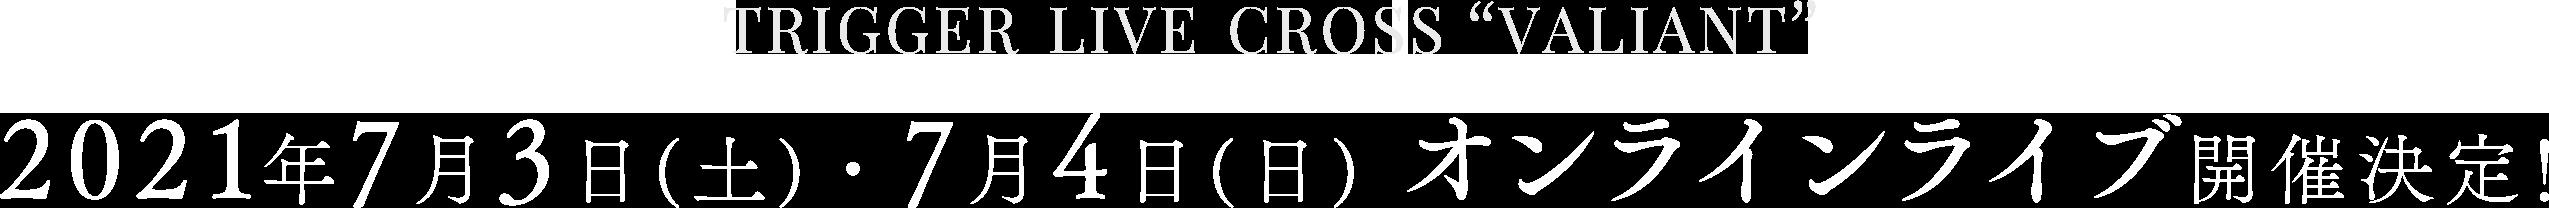 "TRIGGER LIVE CROSS ""VALIANT"""
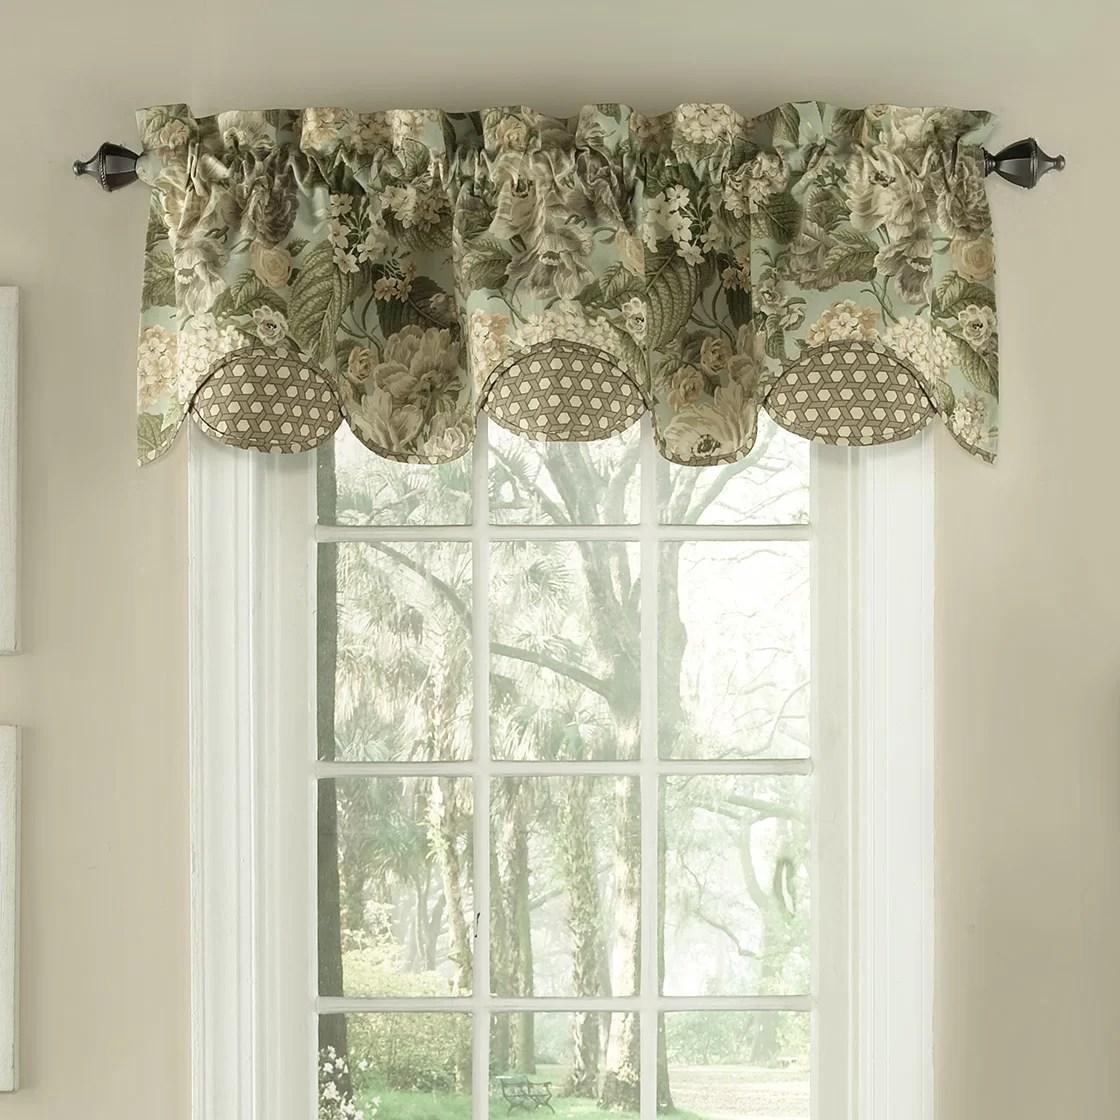 Waverly Garden Glory Scalloped Floral Curtain Valance  Reviews  Wayfair
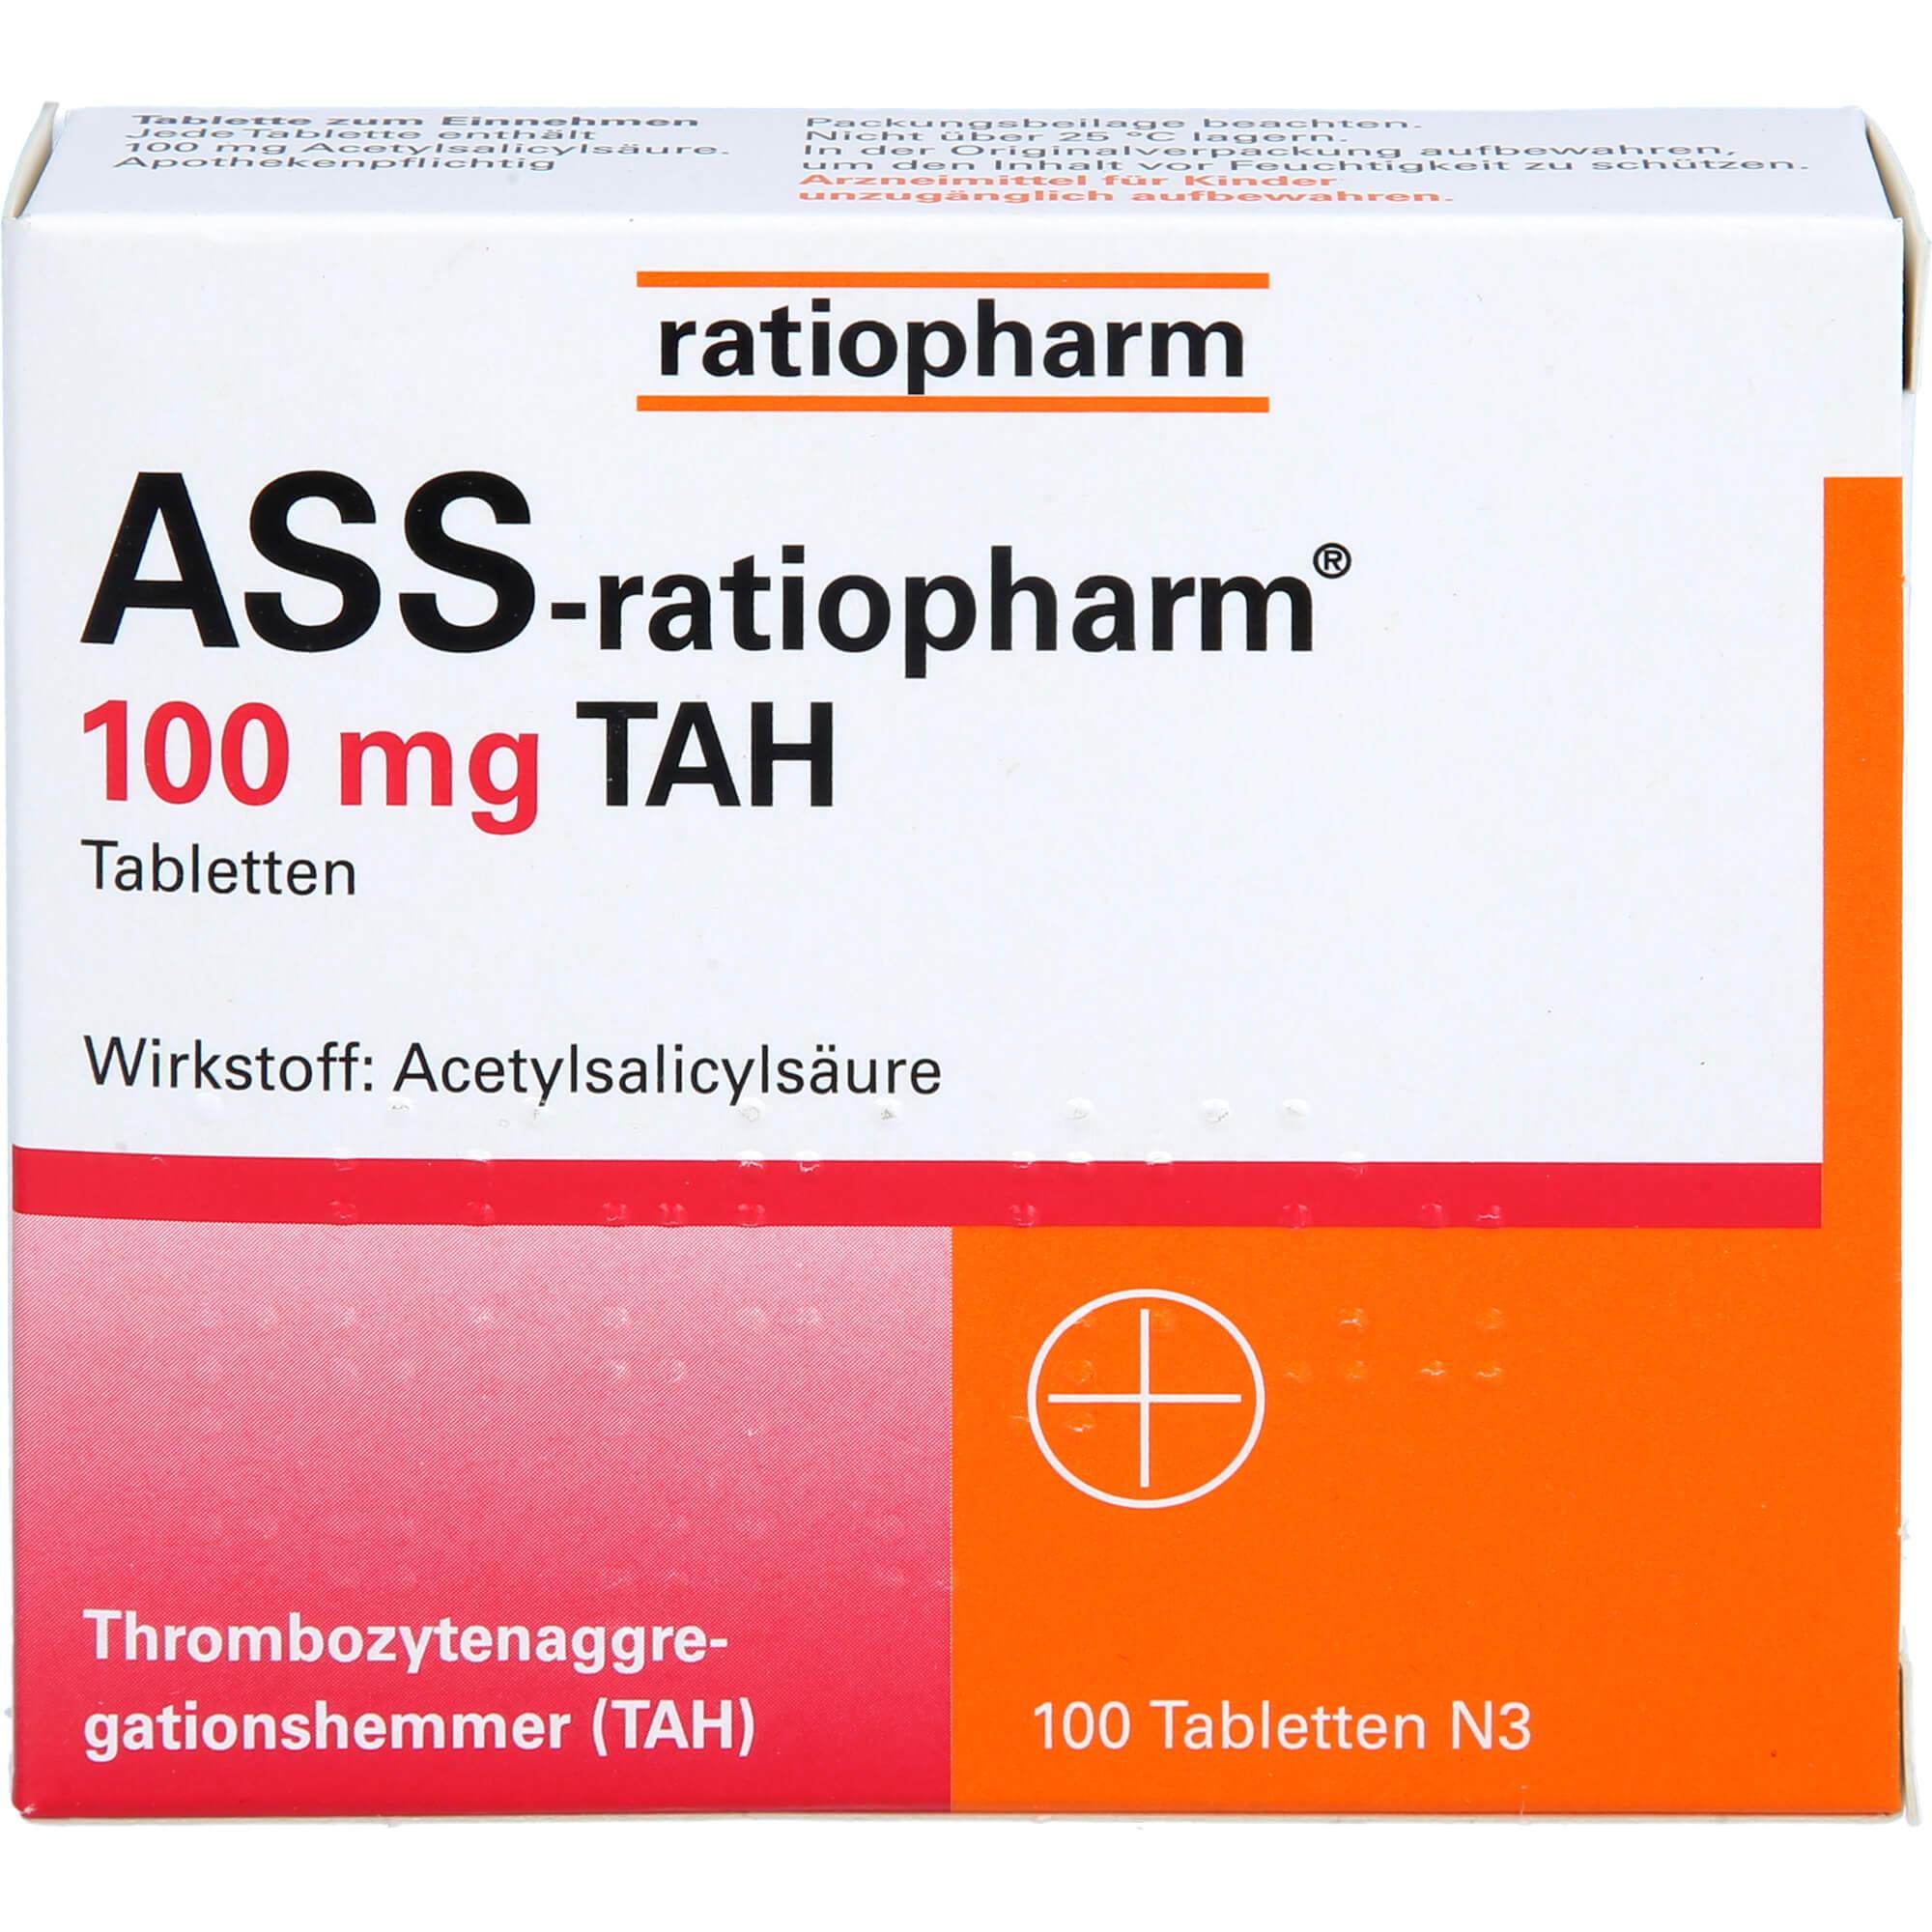 ASS-ratiopharm-100-mg-TAH-Tabletten

What needs to be done ->
Pictures are to be left out; all other data must be returned exactly.

Exercise answer ->
 "TRIGGER LIVE CROSS ""VALIANT"""
 Waverly Garden Glory Scalloped Floral Curtain Valance  Reviews  Wayfair
 ASS-ratiopharm-100-mg-TAH-Tabletten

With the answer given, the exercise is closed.